(Supplied material begins)
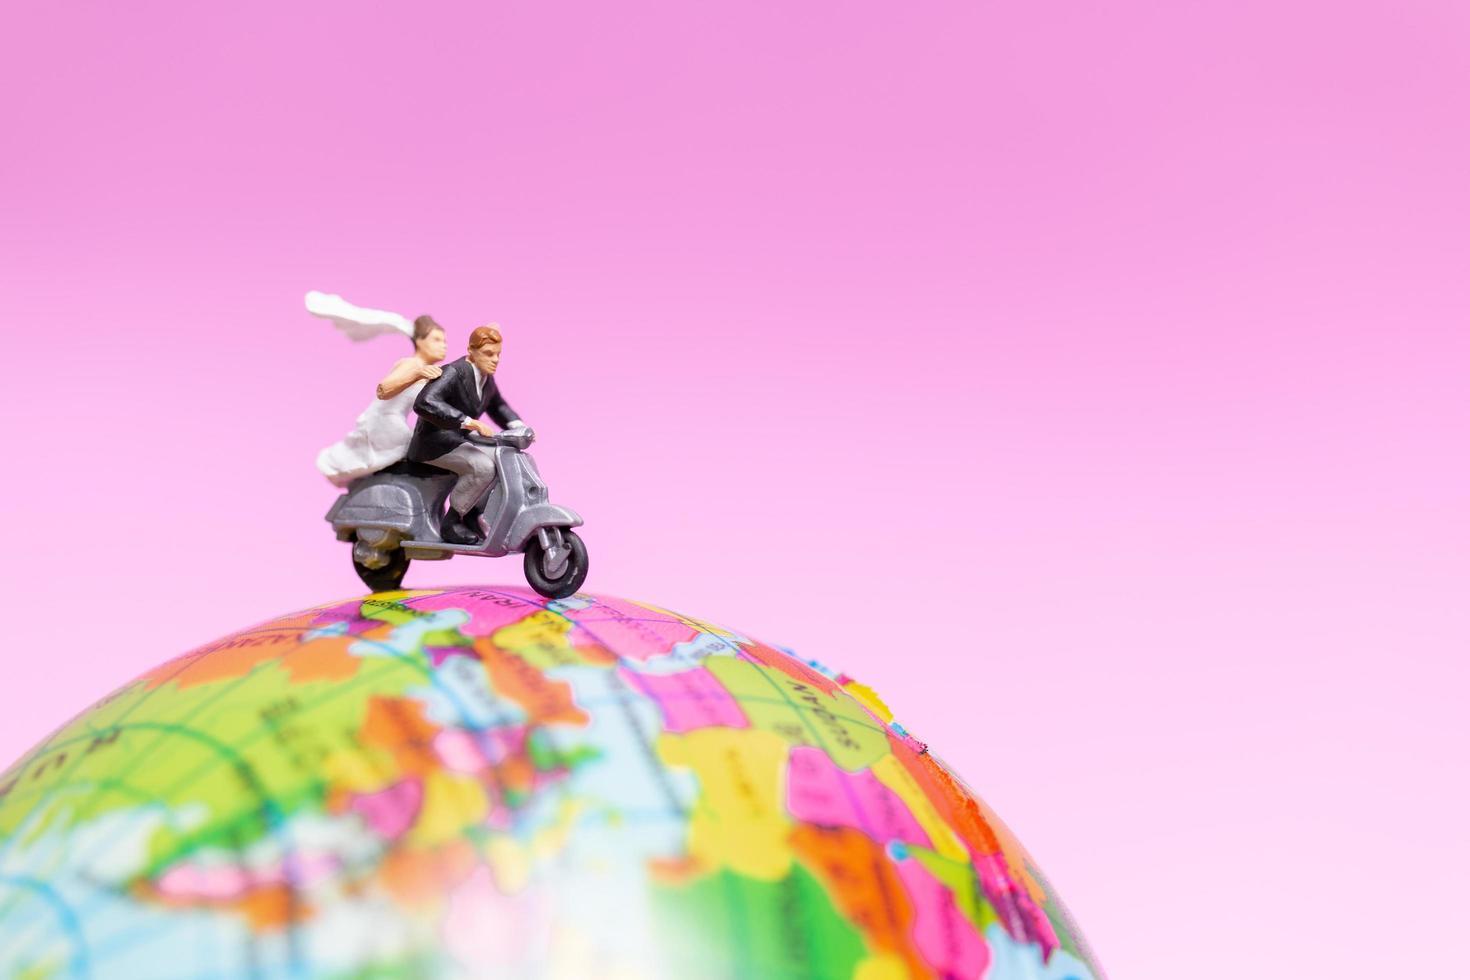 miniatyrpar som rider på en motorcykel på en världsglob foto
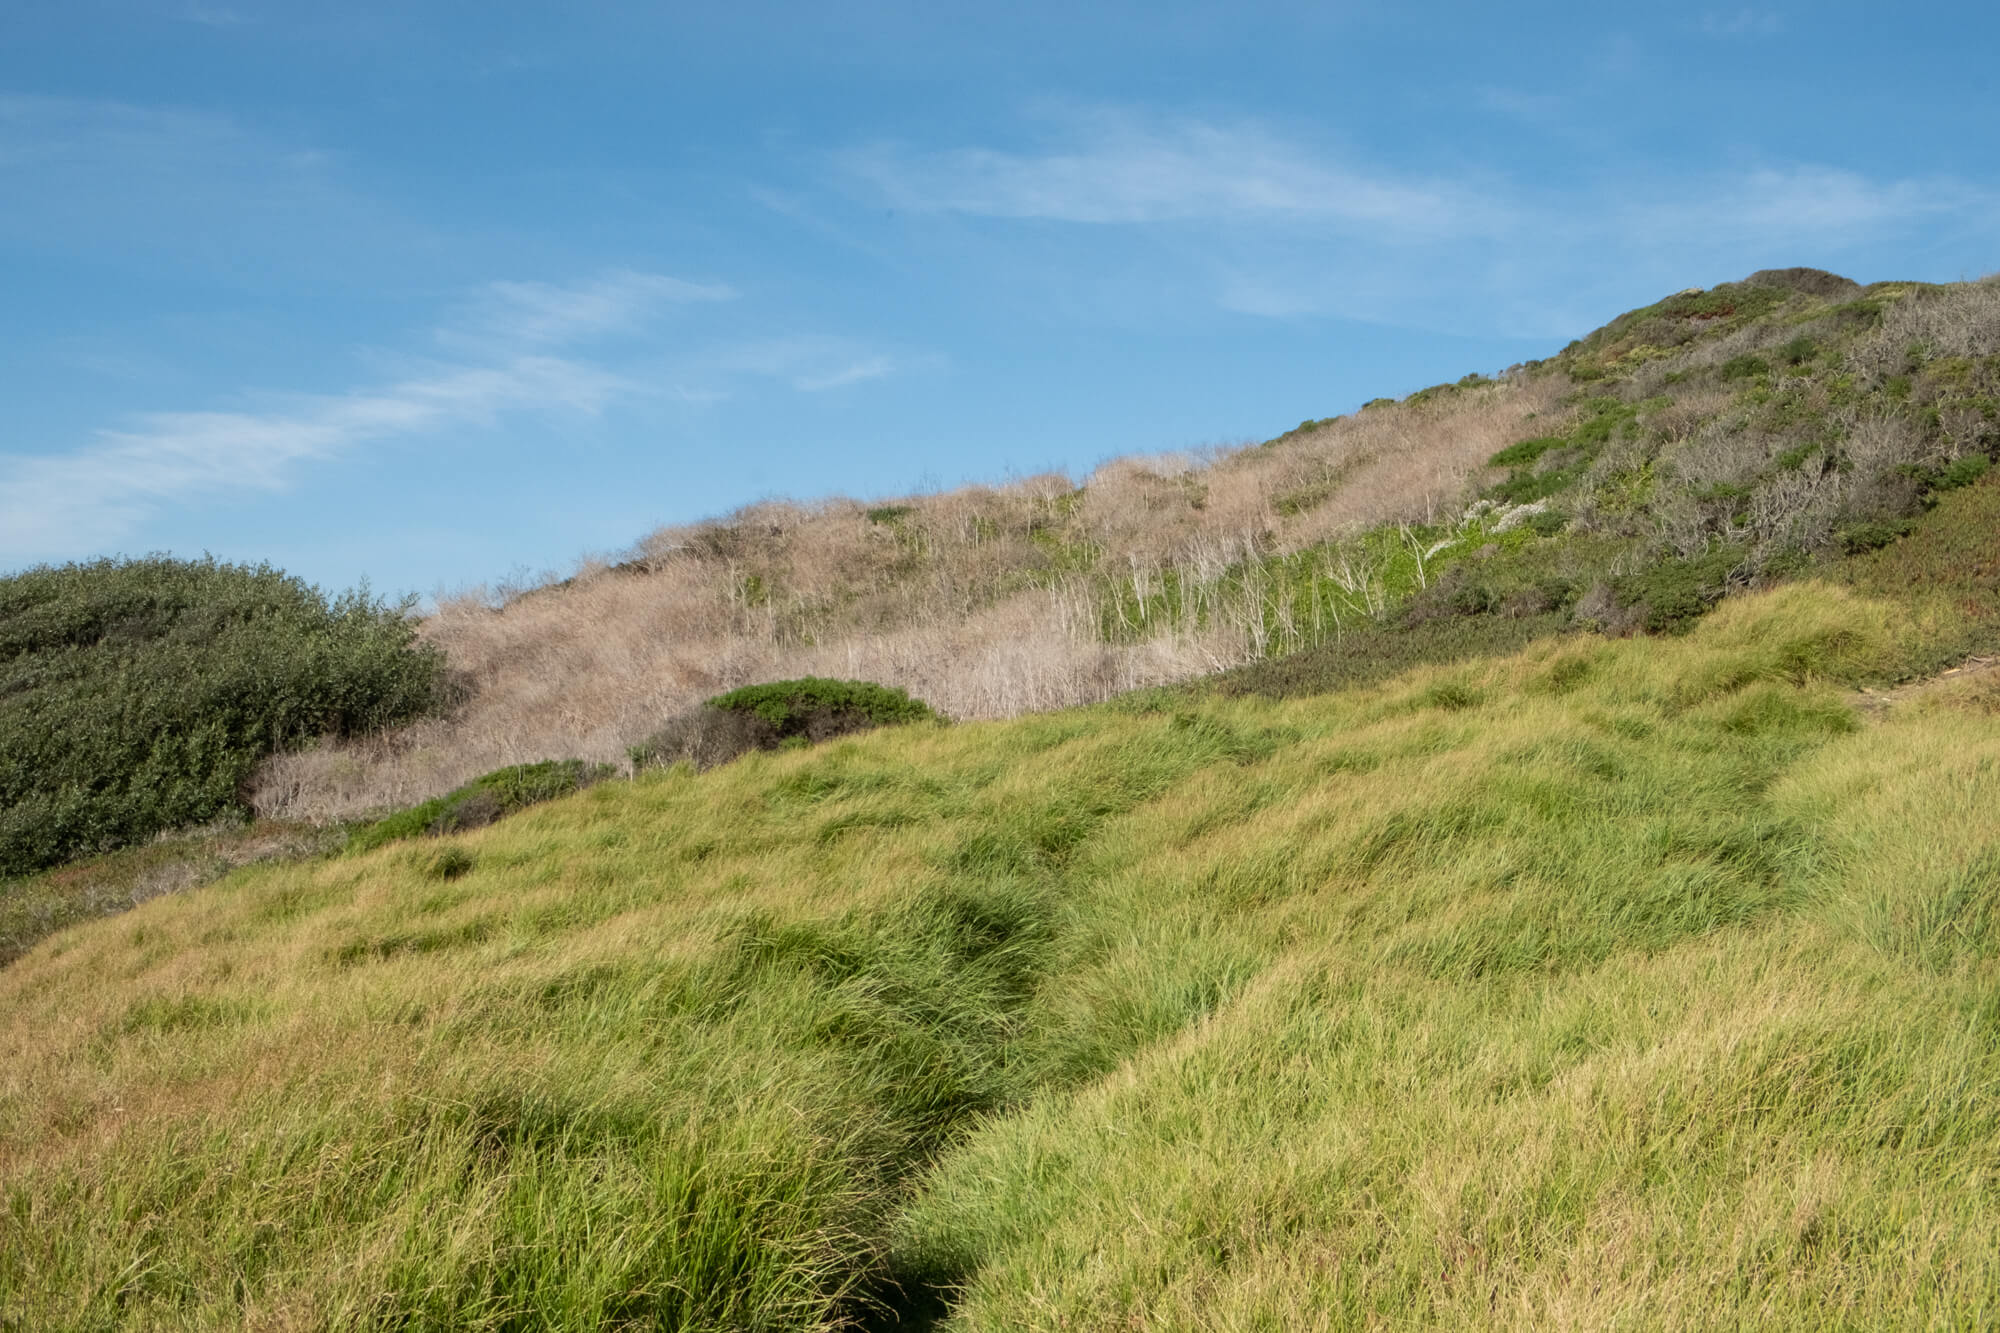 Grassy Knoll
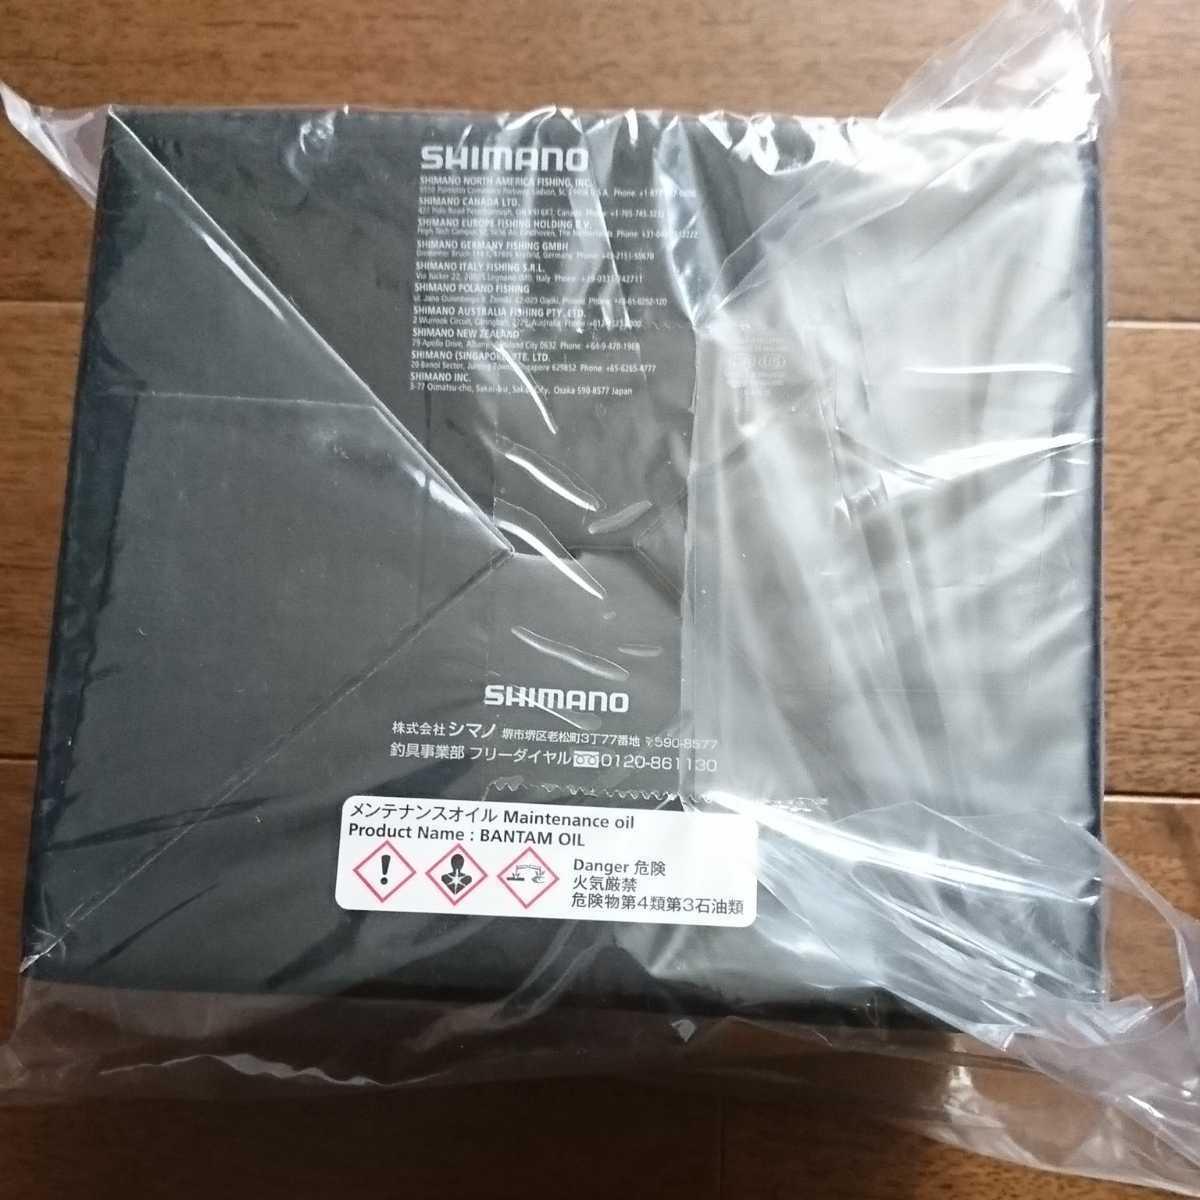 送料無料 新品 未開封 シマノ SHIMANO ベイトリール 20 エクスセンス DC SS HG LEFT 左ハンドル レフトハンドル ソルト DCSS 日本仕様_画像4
(Supplied material ends)
(What is expected)
I would like the material above returned exactly as it stands, without its pictures.

(Answer space)
 miniatyrpar som rider på en motorcykel på en världsglob foto
 Grassy Knoll
 送料無料 新品 未開封 シマノ SHIMANO ベイトリール 20 エクスセンス DC SS HG LEFT 左ハンドル レフトハンドル ソルト DCSS 日本仕様_画像4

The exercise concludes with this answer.